Cassie J Rowe

PhD

Department of Primary Appointment:
School of Medicine
Surgery
Title
Research Assistant Professor
Location: Uniformed Services University of the Health Sciences, Bethesda, MD
Research Interests:
blast, severe musculoskeletal tissue loss and trauma, hemorrhagic shock, burn injury, and neurotrauma
Office Phone

Education

2019 PhD American University, Washington D.C.
2016 M.S. American University, Washington D.C.
2014 B.S. Rochester Institute of Technology, Rochester, NY

Biography

Dr. Rowe joined the Cellular Biology and Regenerative Medicine Program at the Uniformed Services University as a contractor at the Henry M. Jackson Foundation for the Advancement of Military Medicine (HJF) in 2019 under the mentorship of Dr. Thomas Davis. Dr. Rowe has an interdisciplinary background and training with over 8 years of experience in biological sciences, molecular biology, and neurosciences, with specific training in acute toxicology, neuroendocrinology, traumatic brain injury, blood-brain barrier disruption, cognition, neuroinflammation, and neuro-musculoskeletal injuries. Her current research interest involves the traumatic injury state, specifically neuromuscular extremity trauma and the neurobiological and physiological consequences underlying neuro-related disease conditions/pathologies (trauma-induced brain injury). She is also interested in sex-differences in disease states and the underlying molecular mechanisms of inflammatory pathways that regulate disease onset and progression. Dr. Rowe is involved in several projects related to the underlying neuro-immunological changes following military-relevant polytraumatic injury in many different model systems that give rise to disease pathologies. Dr. Rowe oversees all of the ongoing studies in the laboratory related to animal model development and surgeries, downstream proteomic/molecular assays, histological analyses, serves as the laboratory manager and mentors research assistants and student interns, and conducts data analyses using bioinformatics approach. Dr. Rowe is actively driving research characterizing region-specific transcriptomic level changes in the post-traumatic injury state of several rodent models of extremity polytrauma.

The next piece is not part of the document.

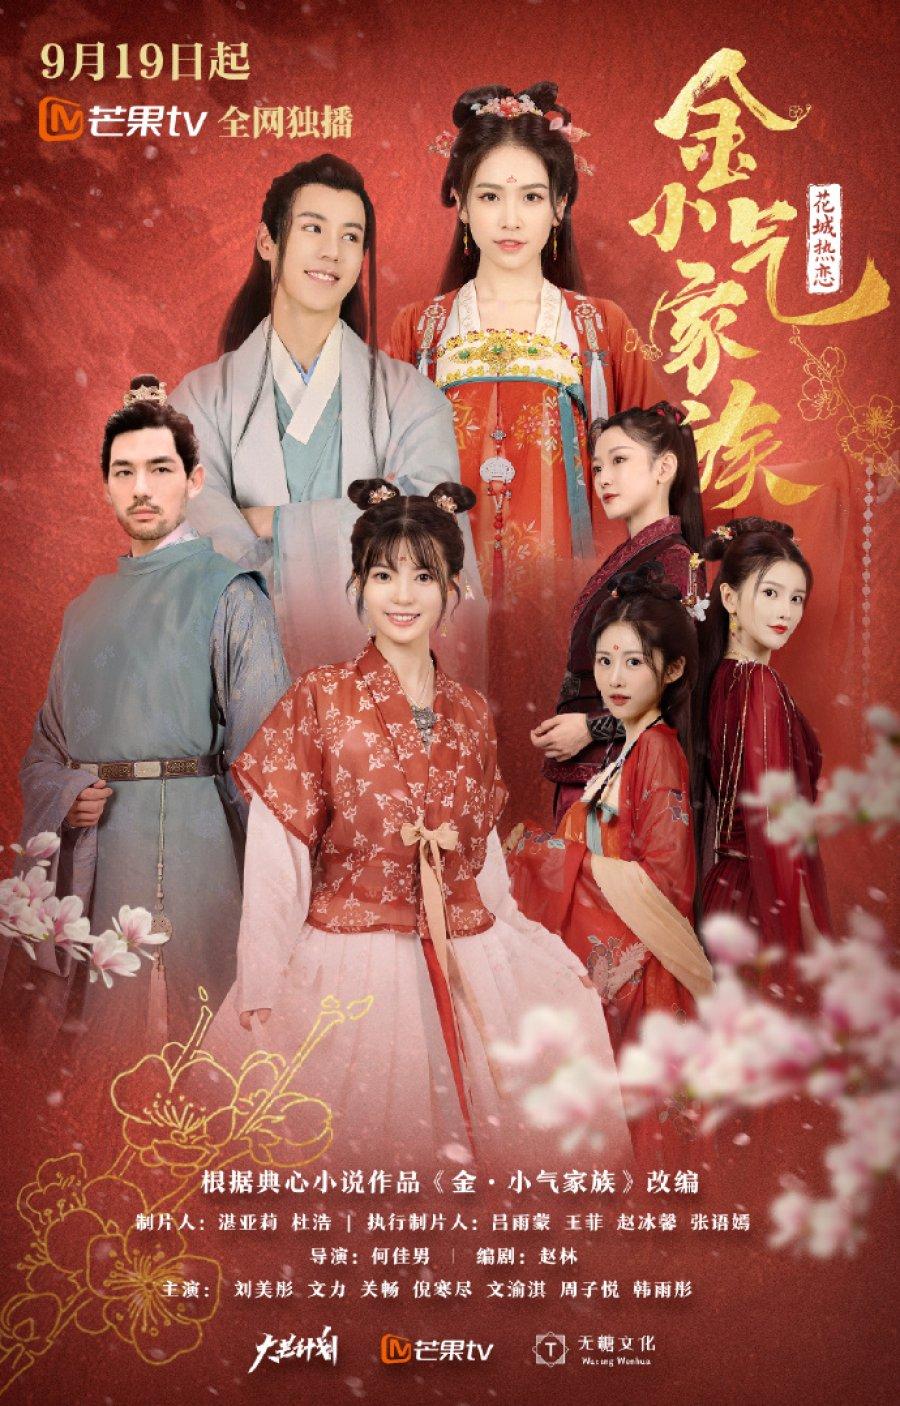 RNP5Y 4f - Великолепные сёстры ✦ 2021 ✦ Китай

Dr. Rowe embarked on her scientific career at the Zebrafish Ecotoxicology, Neuropharmacology, and Vision Laboratory led by Dr. Victoria Connaughton at American University (AU). For her dissertation work, Dr. Rowe explored long-term complications of prolonged hyperglycemia using a zebrafish model. Dr. Rowe received several internal funding grants as well as an external research grant through Sigma XI, Scientific Research Society for her work. During her time at AU, she was the recipient of several awards for both academic/research performance and leadership. Dr. Rowe also worked in a neuroendocrinology lab under the direction of Dr. Colin Saldana where she conducted a biochemical aromatase activity assay as a direct measure of aromatase changes in the brain following peripheral injection of lipopolysaccharide in the zebra finch model of secondary injury. Dr. Rowe received her PhD in Behavior, Cognition, and Neuroscience from American University in 2019.